* **Problem to work on**
Copy task. Retype the whole listing exactly, omitting any picture in it.

* **Supplied material**
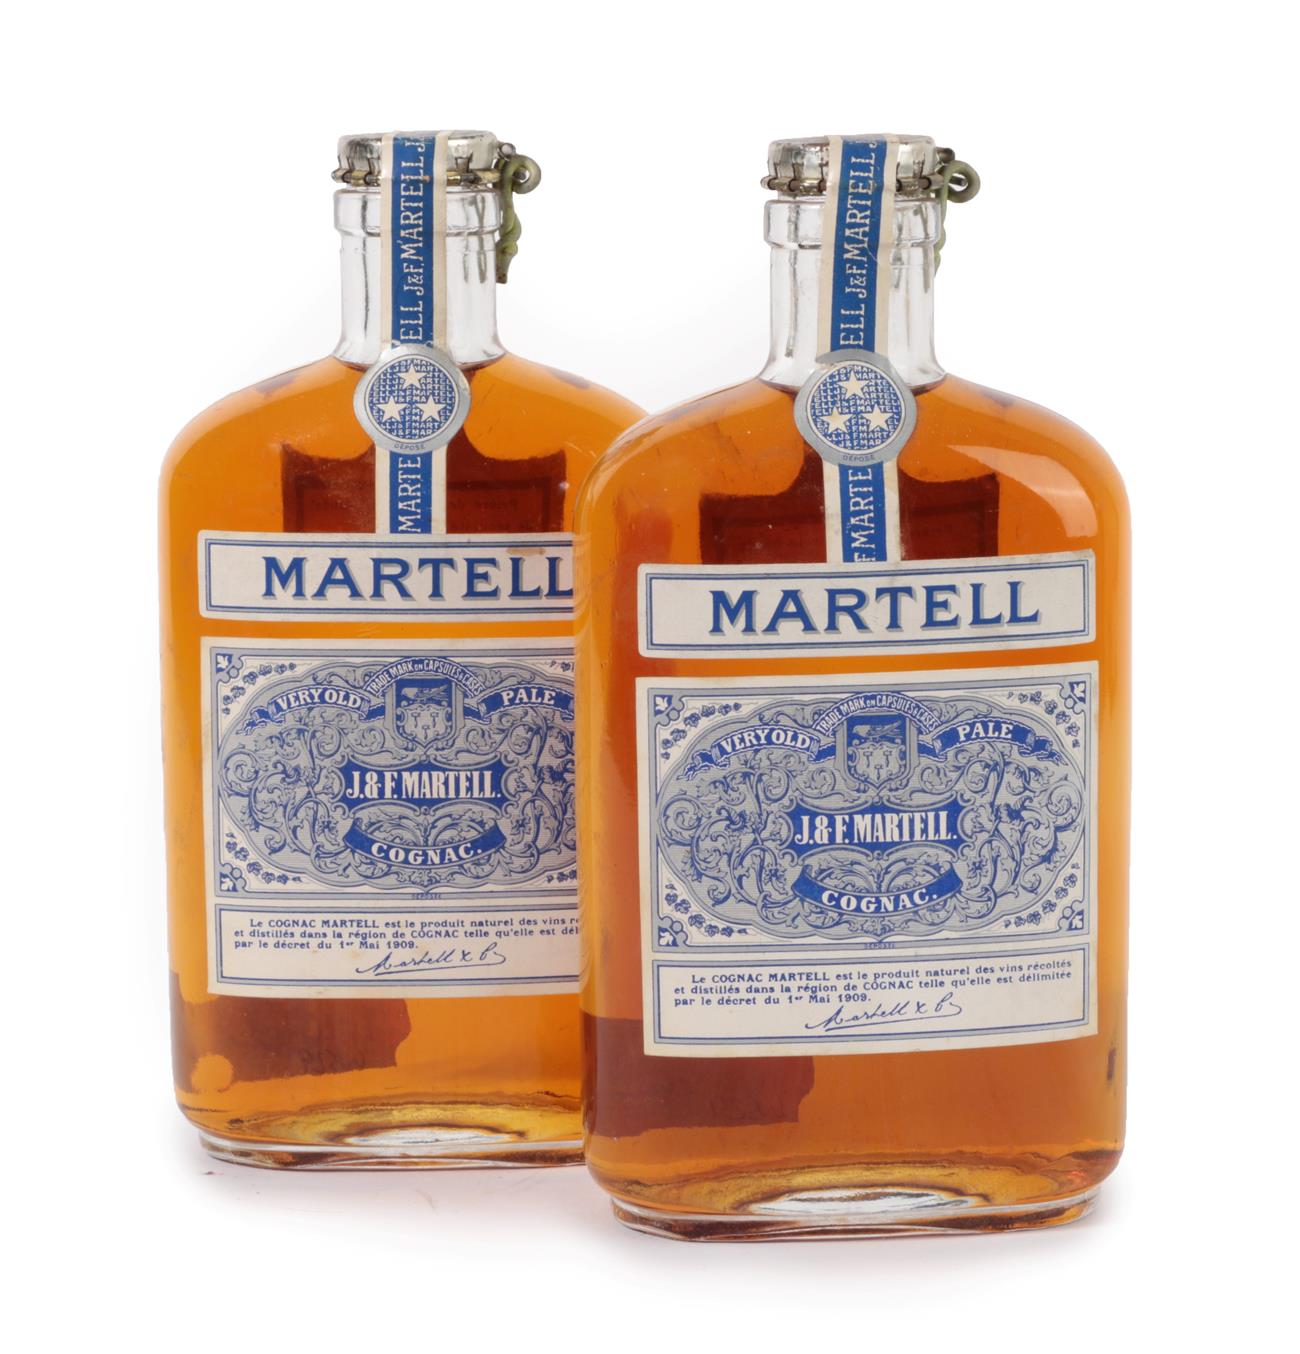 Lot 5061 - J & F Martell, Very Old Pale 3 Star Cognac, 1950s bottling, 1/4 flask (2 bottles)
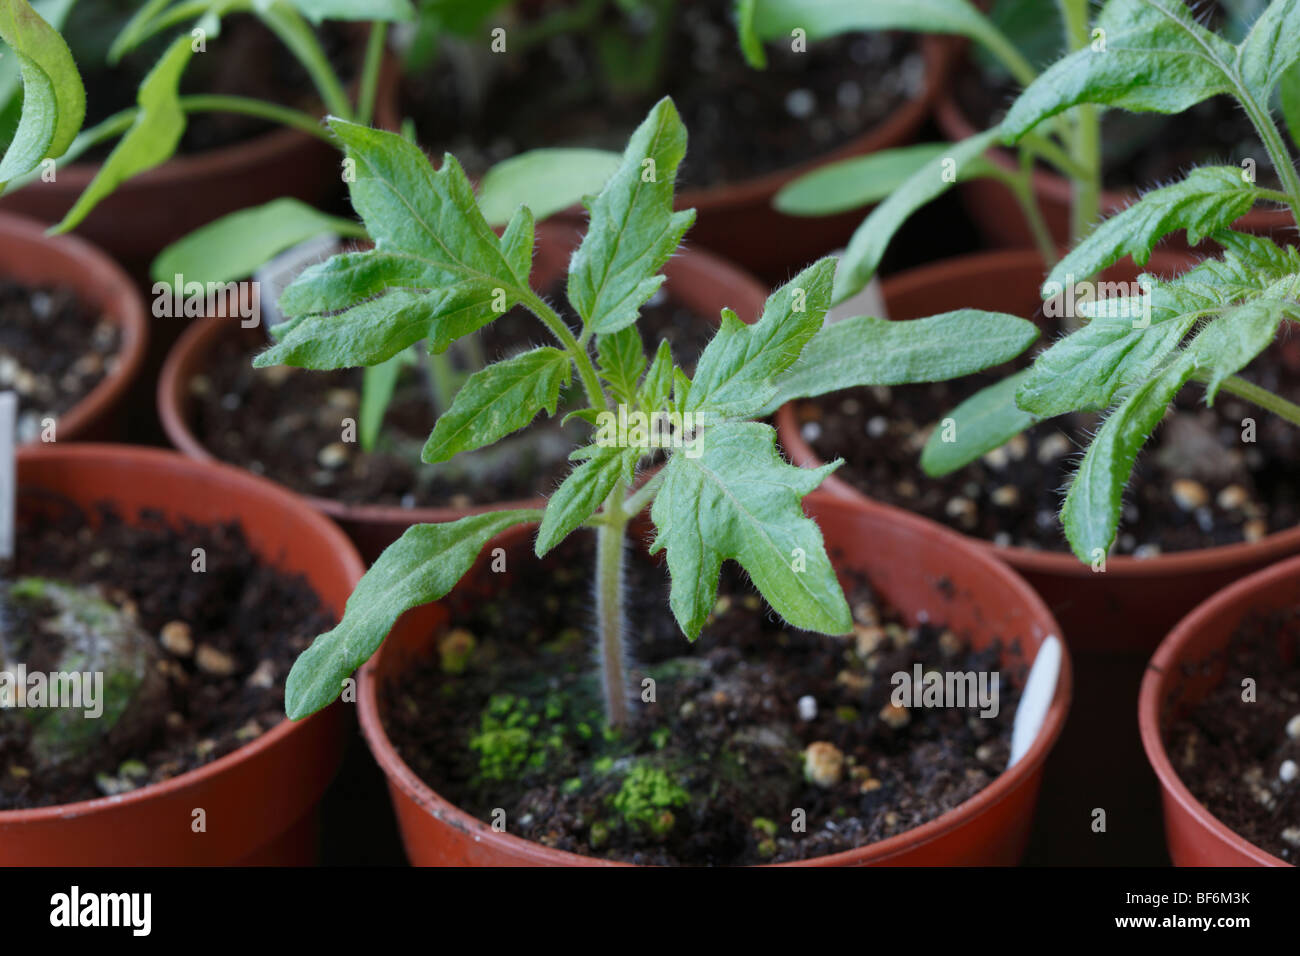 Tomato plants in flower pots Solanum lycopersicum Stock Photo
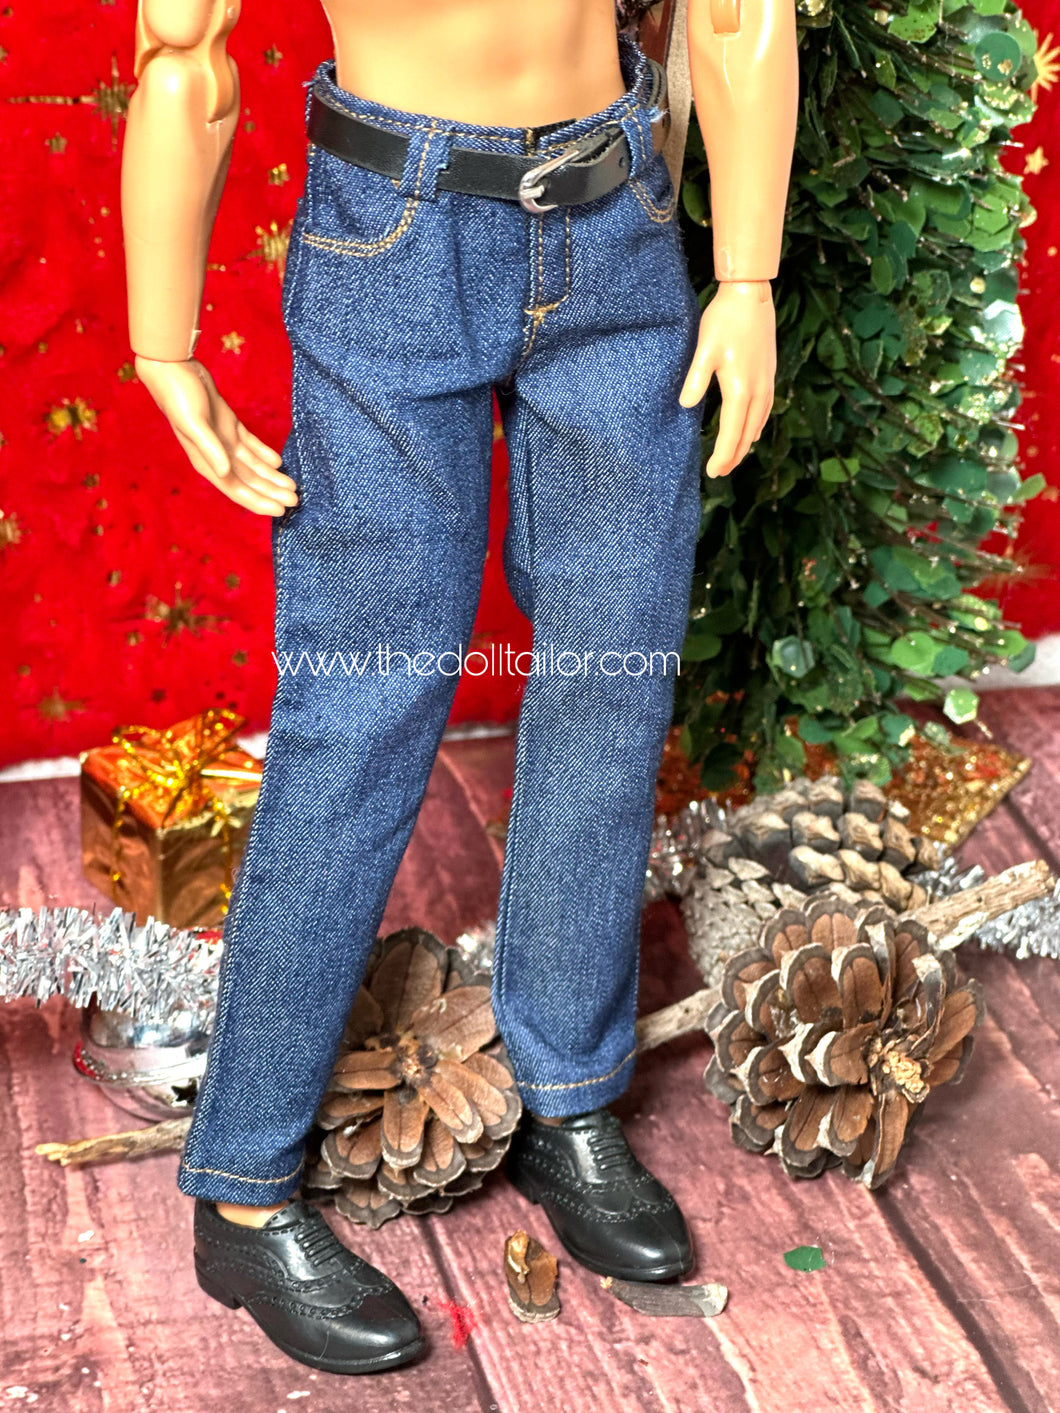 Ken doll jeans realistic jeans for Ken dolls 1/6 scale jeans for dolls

* **Answer section**
 Lot 5061 - J & F Martell, Very Old Pale 3 Star Cognac, 1950s bottling, 1/4 flask (2 bottles)
 Tomato plants in flower pots Solanum lycopersicum Stock Photo
 Ken doll jeans realistic jeans for Ken dolls 1/6 scale jeans for dolls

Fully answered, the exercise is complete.